Of course the real answer is more complicated. Networks are getting faster, at least in some parts of the world. So using the web should be getting faster for everyone as a result. Right?
Well… So far, it isn’t happening that way. Web performance is actually getting worse for average users, even when they are connected to the same fast networks we all use.
How?! Well, it’s because the average device that folks are using to connect to the web is relatively underpowered. Probably underpowered compared to many of the devices in this room. To be clear, the average device isn’t that iPhone with the notch at the top that we have to design around. It’s phones like this one, by Alcatel. Low-powered androids
This is the best sellers page of unlocked phones on Amazon. It’s a useful page to keep tabs on what people are really using. A lot of people shop for a deal on a phone like they would anything else.

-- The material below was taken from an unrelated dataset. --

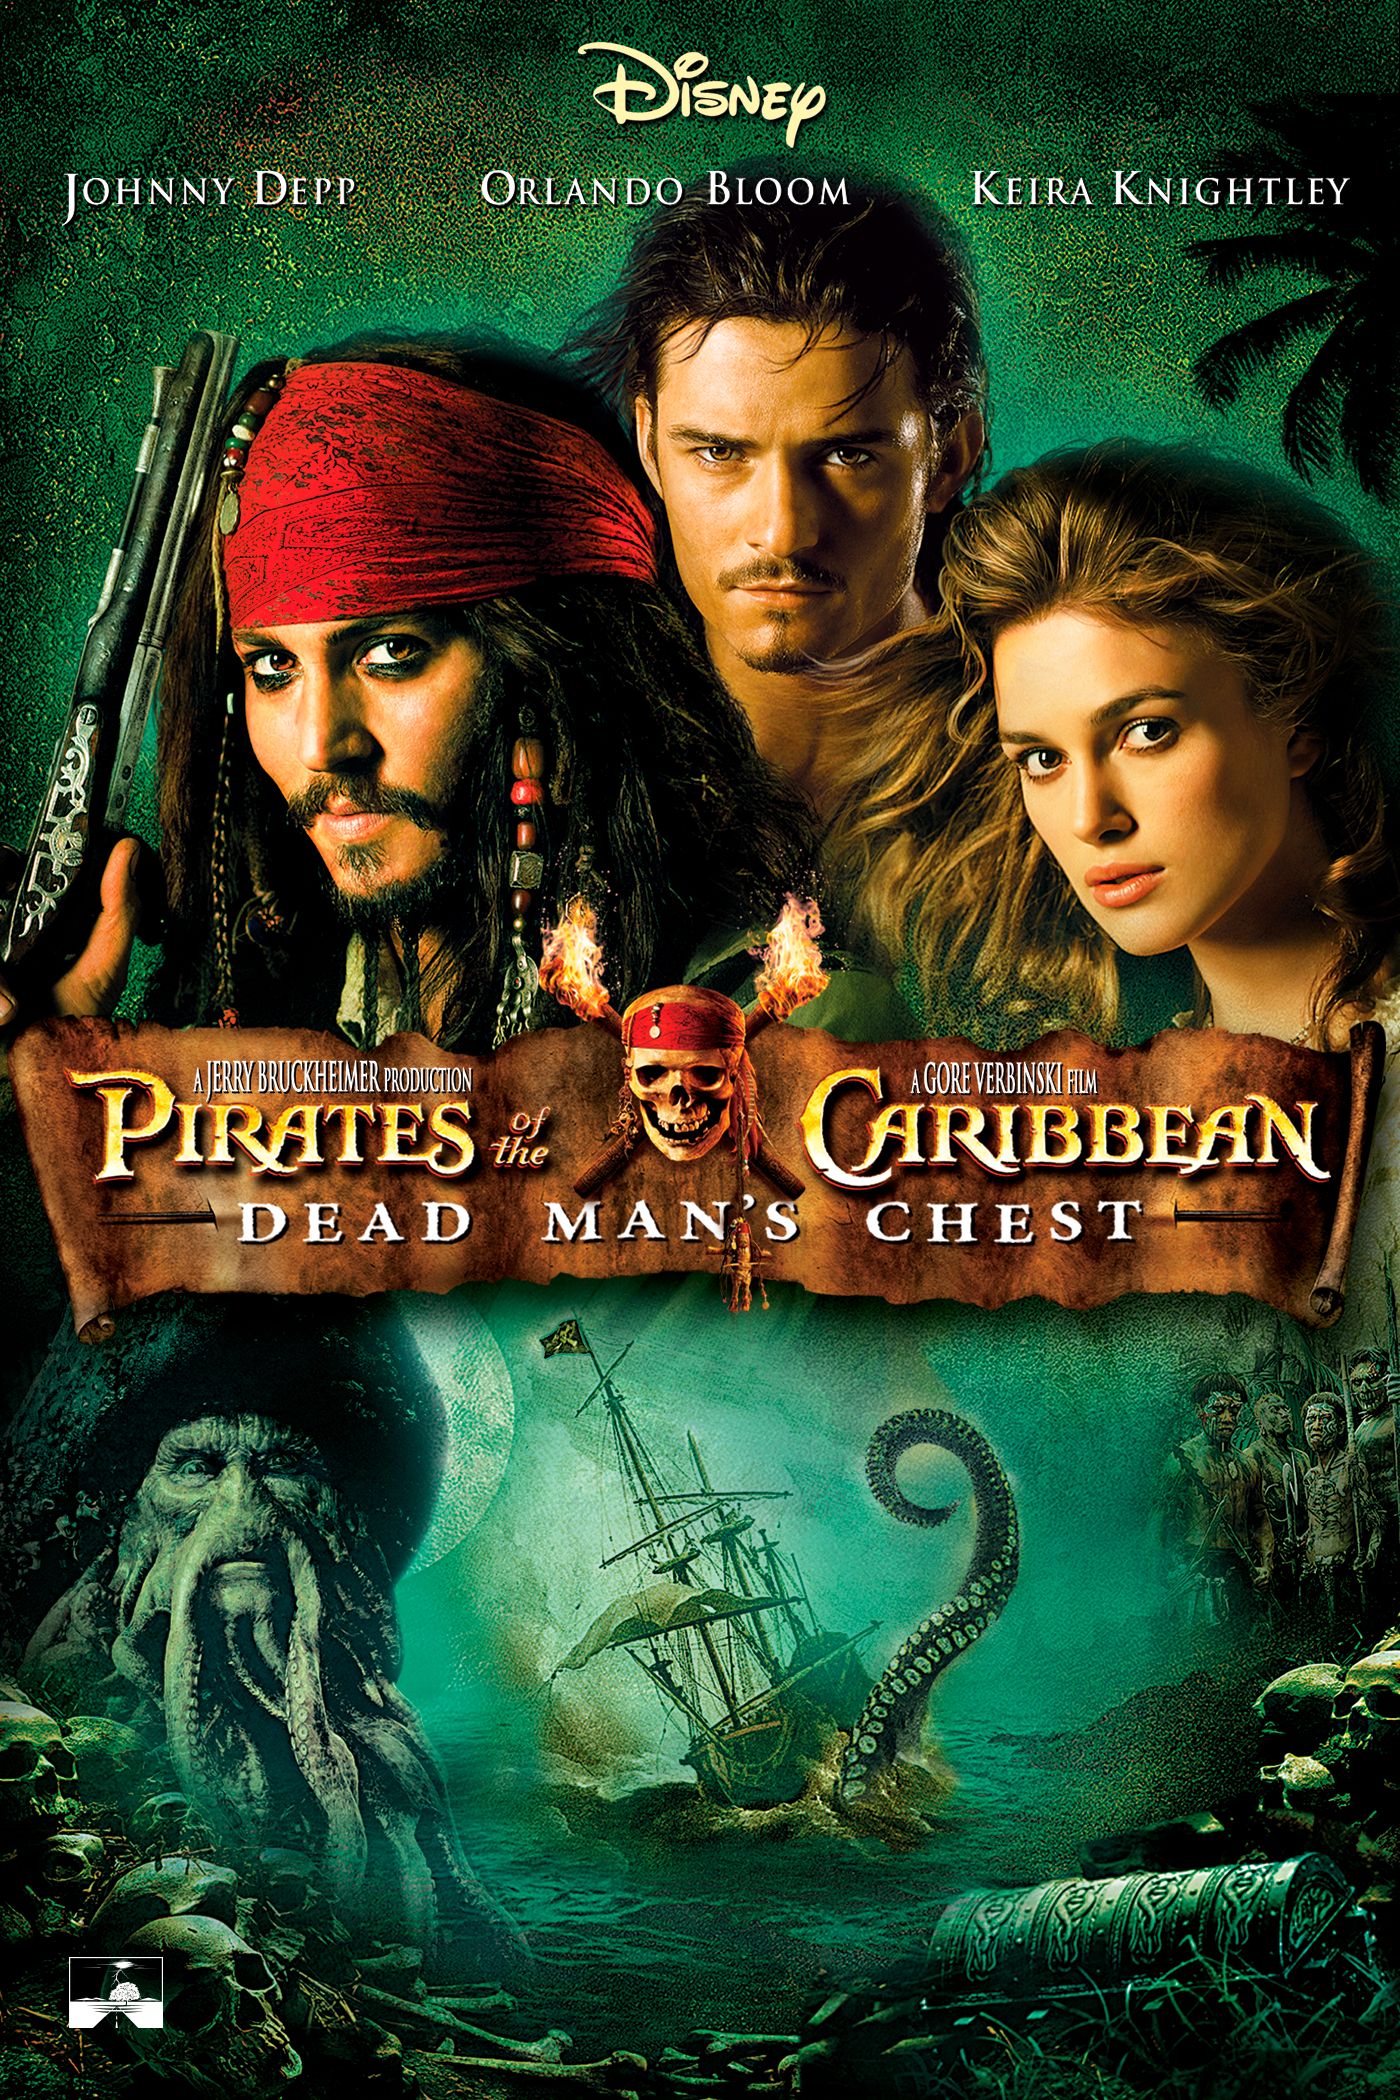 carine robert recommends Pirates Ii Full Movie

And most of the phones on this page cost around 150 bucks or less. The third most popular is 40 dollars. Many of these are not top-tier phones. The iPhone 6 is the first apple device on the list and it’s at #7.

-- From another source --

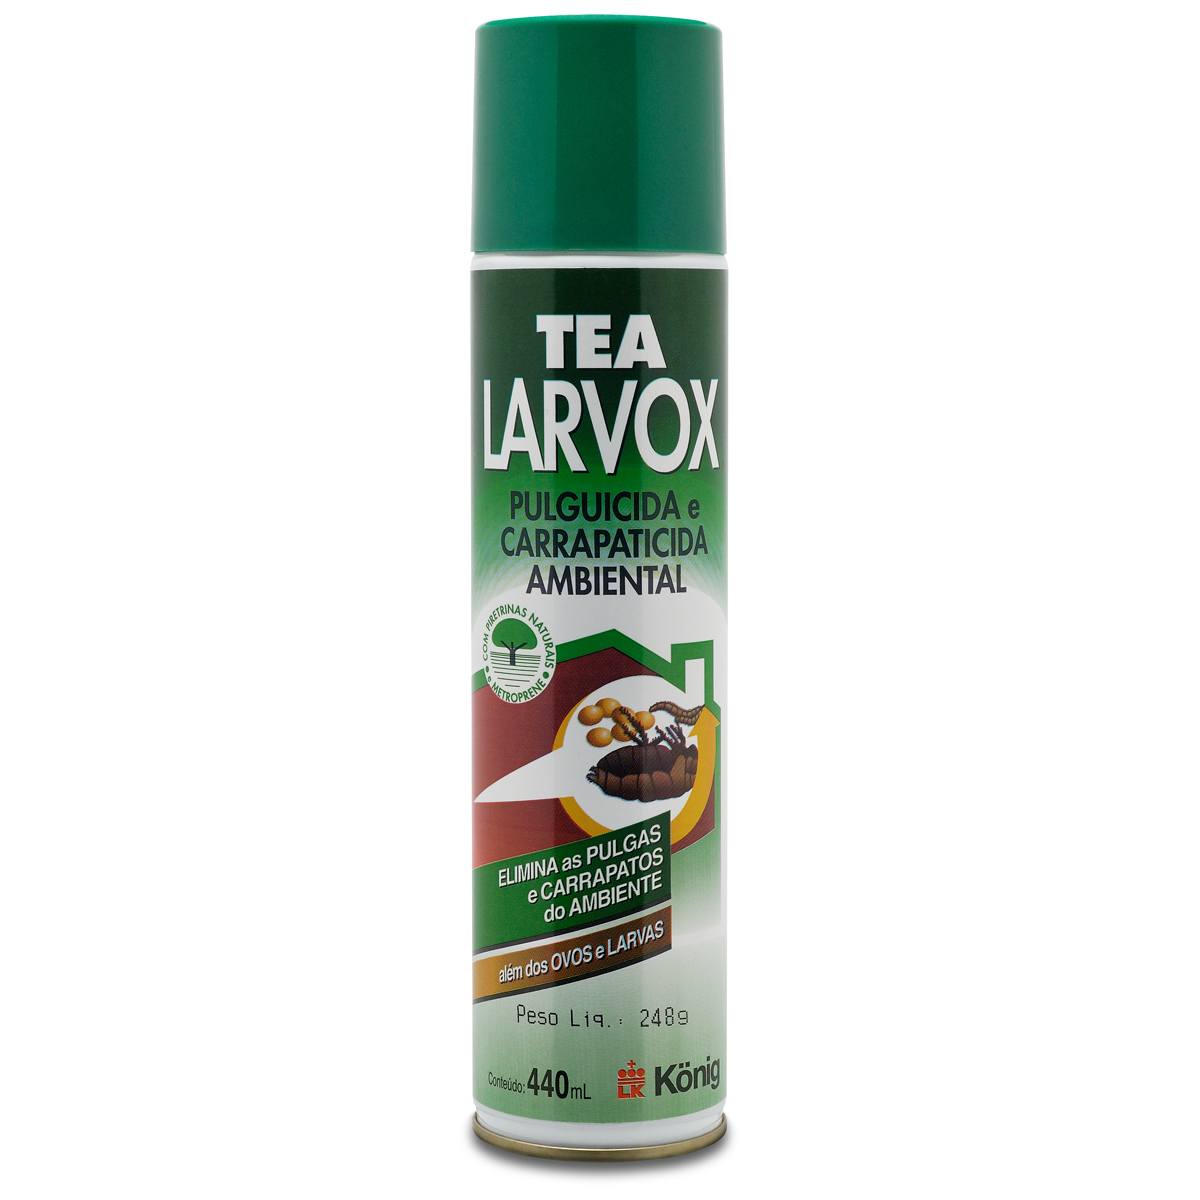 Pulguicida Carrapaticida Aerosol Tea Larvox Konig 440 ml

200kb may sound like a lot but actually we’re sending more than that on mobile. According to httparchive, we’re sending over 370kb of JS on the average page. So that’s closer to two megabytes uncompressed. And to be clear, this has been worsening.
I think that correlation is pretty damning. Faster networks have enabled us to deliver increasing amounts of code and it is causing the average device to choke. This is why performance is worsening.
As networks improve, we’re shifting the performance burden from the networks to the devices. So right now, at this moment we have a huge opportunity to broaden our reach. But it still takes care. It’s up to us to use that opportunity wisely
And that’s pretty dire. But we broke this. We can fix and prevent it. And I find that many of the fixes are founded in returning to practices we’ve known to be good from the start. In the past, as we shifted our criteria for what it means to make a good experience, Progressive Enhancement was ready to help, and I find that this is a recurring thing. It continues to help address tomorrow’s challenges.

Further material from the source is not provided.